Dans tous les cas, l’expérience fait l’excellence : «on ne peut pas être moins bon sur un livestream». Surtout face aux aléas du direct, rares mais angoissants, comme cette coupure de courant qui a perturbé la captation d’une pièce en février 2020 … Un mauvais souvenir qui n’affecte guère ce plaisir pur de la capta en direct, littéralement exacerbé pendant les dix jours passés au festival d’Avignon, en immersion, en communion avec les acteurs, les metteurs en scène. Des professionnels dont certains commencent à saisir l’enjeu considérable du livestream et de la diffusion en VoD, les avantages que ce format apporte et pas seulement par temps de COVID.
2020 : année 0
Loin d’être une menace pour le spectacle en salle (la principale inquiétude des frileux qui redoutent l’effet canapé), l’œuvre audiovisuelle, diffusée en DVD, en VoD, via ARTE ou Culturebox, s’avère un atout promotionnel de poids à l’heure où le streaming explose face aux médias traditionnels ; c’est donc un excellent moyen de toucher de nouveaux publics tout en attirant l’attention de journalistes et de programmateurs sur-sollicités, et en conservant une trace du travail effectué pour enrichir un patrimoine en constante évolution. Les problèmes ?
- Une prestation de qualité (repérage, tournage) suppose un prix (de 10 000 euros en moyenne quand on opère pour un client à 25 000 quand on est producteur) ; le tarif évolue aussi selon le nombre de jours de tournage, de professionnels nécessaires. Tout dépend du dispositif, mais il est évident que certaines compagnies, certains théâtres ne disposent pas du budget nécessaire.

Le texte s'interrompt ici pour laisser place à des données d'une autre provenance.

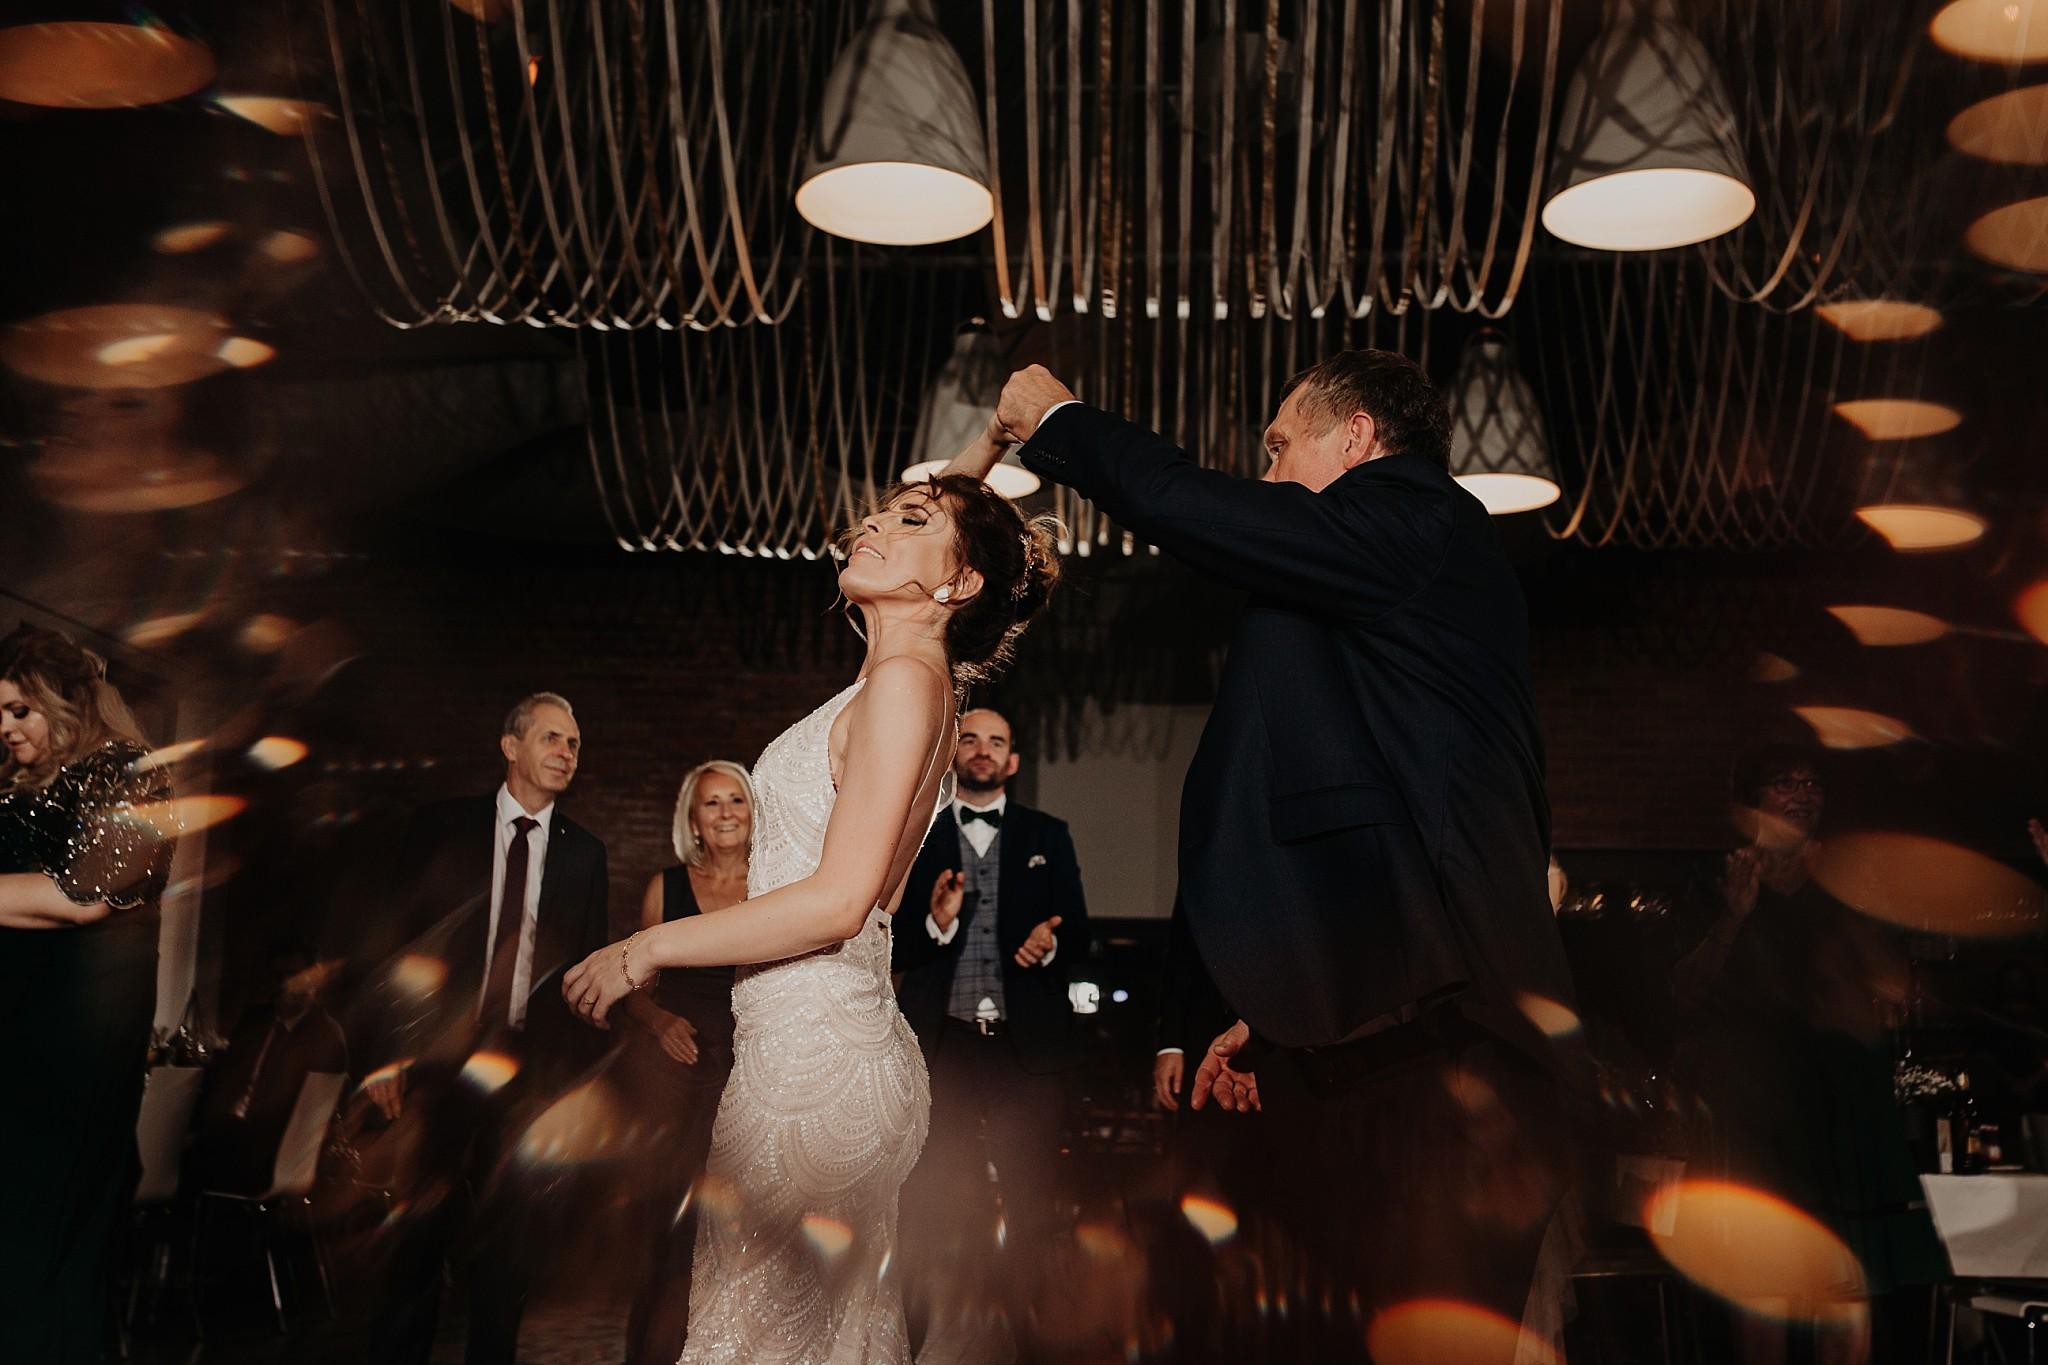 fotograf poznan wesele dobra truskawka piekne wesele pod poznaniem wesele w dobrej truskawce piekna para mloda slub marzen slub koronawirus slub listopad wesele koronawirus 395

- Le retour sur investissement n’est pas immédiat, il faut compter sur un effet « longue traîne », se projeter sur plusieurs années parfois pour être bénéficiaire, or dans l’univers du spectacle, les rentrées doivent être immédiates pour compenser les dépenses effectuées, conserver un équilibre financier et faire tourner les troupes et les salles.
- Et puis il y a la question centrale, cruciale même, des droits. Un frein énorme dans la diffusion de certains spectacles captés depuis longtemps, bien avant l’émergence du streaming ; les contrats signés alors n’n tenaient pas compteet pour cause, il n’existait pas. Il faut donc tout renégocier, ce qui est pour le moins complexe et long, surtout face à des intervenants qui n’ont pas encore intégré la logique de ces nouveaux médias.
Tout cela explique que la captation ne soit pas encore un réflexe, une évidence. Conscients des opportunités, témoins d’une mutation à l’œuvre depuis 2017 environ, Sébastien Tézé et son équipe quittent le domaine purement technique pour expliquer, rassurer, convaincre, faire de la pédagogie pure, apporter leur conseil en la matière auprès de d’interlocuteurs curieux bien que réticents. 2020 entre COVID et confinement ? Une année 0 qui ouvre une nouvelle ère, où chacun va devoir se positionner. L’industrie de la musique a été particulièrement réactive, ajoute Sébastien qui cite en exemple la rapidité avec laquelle Live Nation a développé des solutions de captation pour diversifier son offre. Les grands acteurs internationaux ont cerné ces sources de revenus en devenir. C’est maintenant au monde du théâtre de suivre. Et Avignon 2021, à n’en pas douter, va constituer une opportunité essentielle. A suivre.
Merci à Sébastien Tézé pour son temps et ses réponses.